- Location: Queens – New York City; United States;
- Created: 1968 (58 finals, including 2025)
- Men's most: 10: Novak Djokovic
- Men's most consecutive: 8: Ivan Lendl
- Women's most: 10: Serena Williams
- Women's most consecutive: 6: Chris Evert
- Most meetings: Men's (3 times): Sampras vs. Agassi (3–0) Nadal vs. Djokovic (2–1) Women's (2 times): Evert vs. Goolagong Cawley (2–0) Evert vs. Mandlíková (2–0) Navratilova vs. Evert (2–0) Graf vs. Navratilova (1–1) Graf vs. Seles (2–0) Serena vs. Venus (1–1) Serena vs. Azarenka (2–0)
- Official website

= List of US Open singles finalists during the Open Era =

The US Open is a Grand Slam tennis tournament held in New York City at the USTA Billie Jean King National Tennis Center in the area of Flushing Meadows. In 1968, this tournament became open to professionals and has been known since then as the US Open. The person who has reached the finals for singles the most in tournament history is Serena Williams. Since 1999, Serena Williams has reached the final ten times and won six titles. The two players who have won the most singles titles, with six titles each, are Serena Williams and Chris Evert.
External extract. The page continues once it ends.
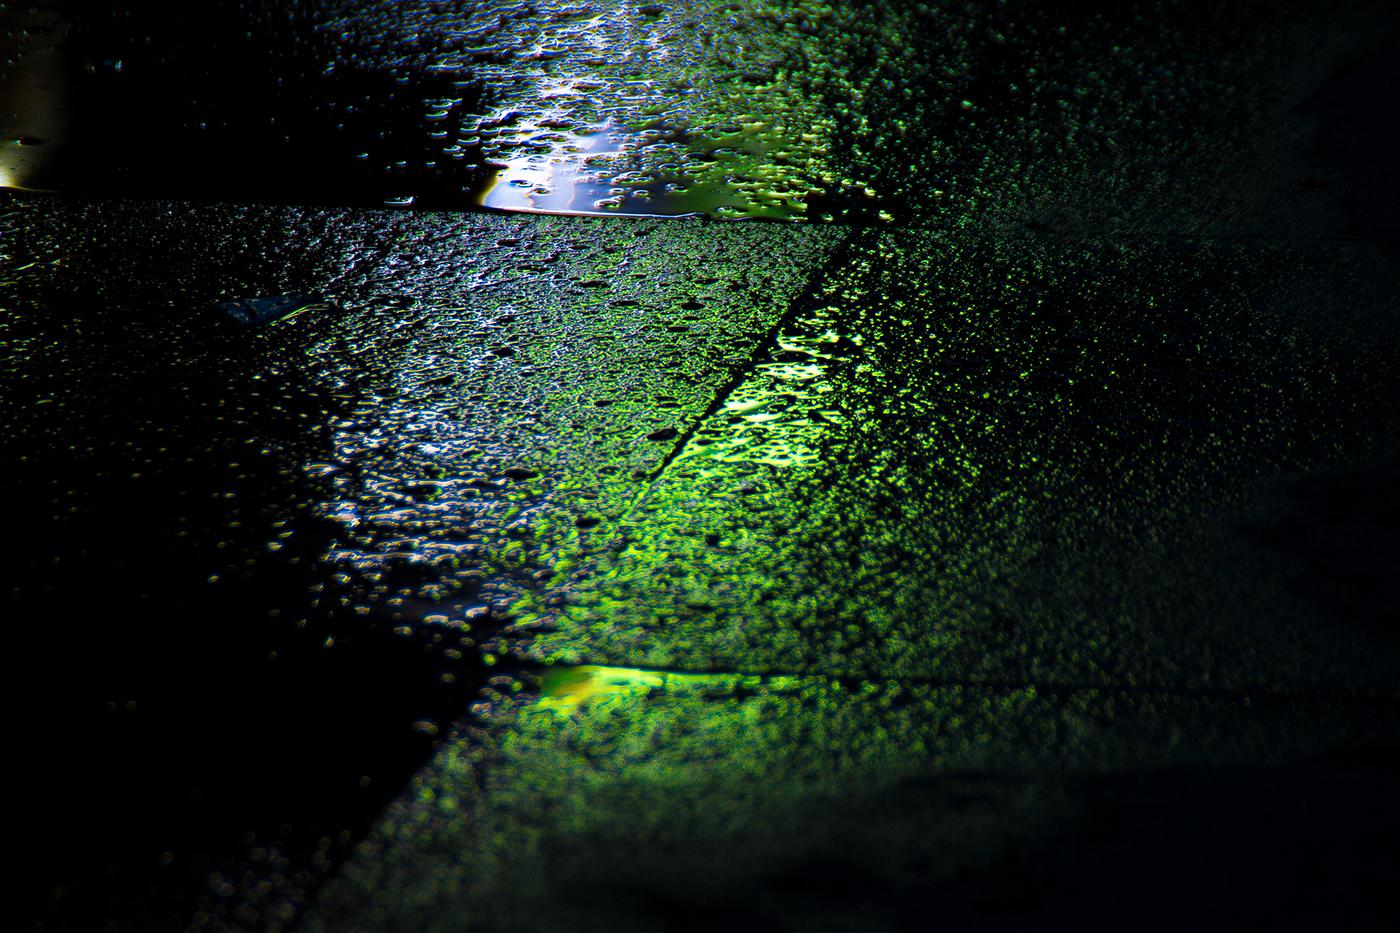 wet-neon-local-preacher-photography-7.jpg

The women who have reached the final at least four times during the Open Era are Billie Jean King, Evonne Goolagong Cawley, Chris Evert, Martina Navratilova, Steffi Graf, Monica Seles, Venus Williams, Serena Williams and Kim Clijsters. In the seven years from 1968 through 1974, King appeared in four finals and won three titles. Goolagong Cawley was the runner-up four consecutive years from 1973 through 1976. In the ten years from 1975 through 1984, Evert reached nine finals and won six titles. She reached six consecutive finals, and won five titles, between 1975 and 1980. She reached three consecutive finals, and won one title, between 1982 and 1984. Navratilova from 1981 through 1991 appeared in eight finals, and won four titles. Graf twice appeared in four consecutive finals, the first in 1987-1990 when she won two titles and the second in 1993-1996 when she won three titles. Seles reached four finals from 1991 through 1996, winning two consecutive titles in 1991 and 1992 but losing two consecutive finals in 1995 and 1996. From 1997 through 2002, Venus Williams appeared in four finals and won two consecutive titles in 2000 and 2001. Since 1999, Serena Williams has reached the final ten times and won six titles in 1999, 2002, 2008, 2012, 2013 and 2014. During 2003 to 2010, Clijsters made the finals four times, winning in 2005, 2009, and 2010.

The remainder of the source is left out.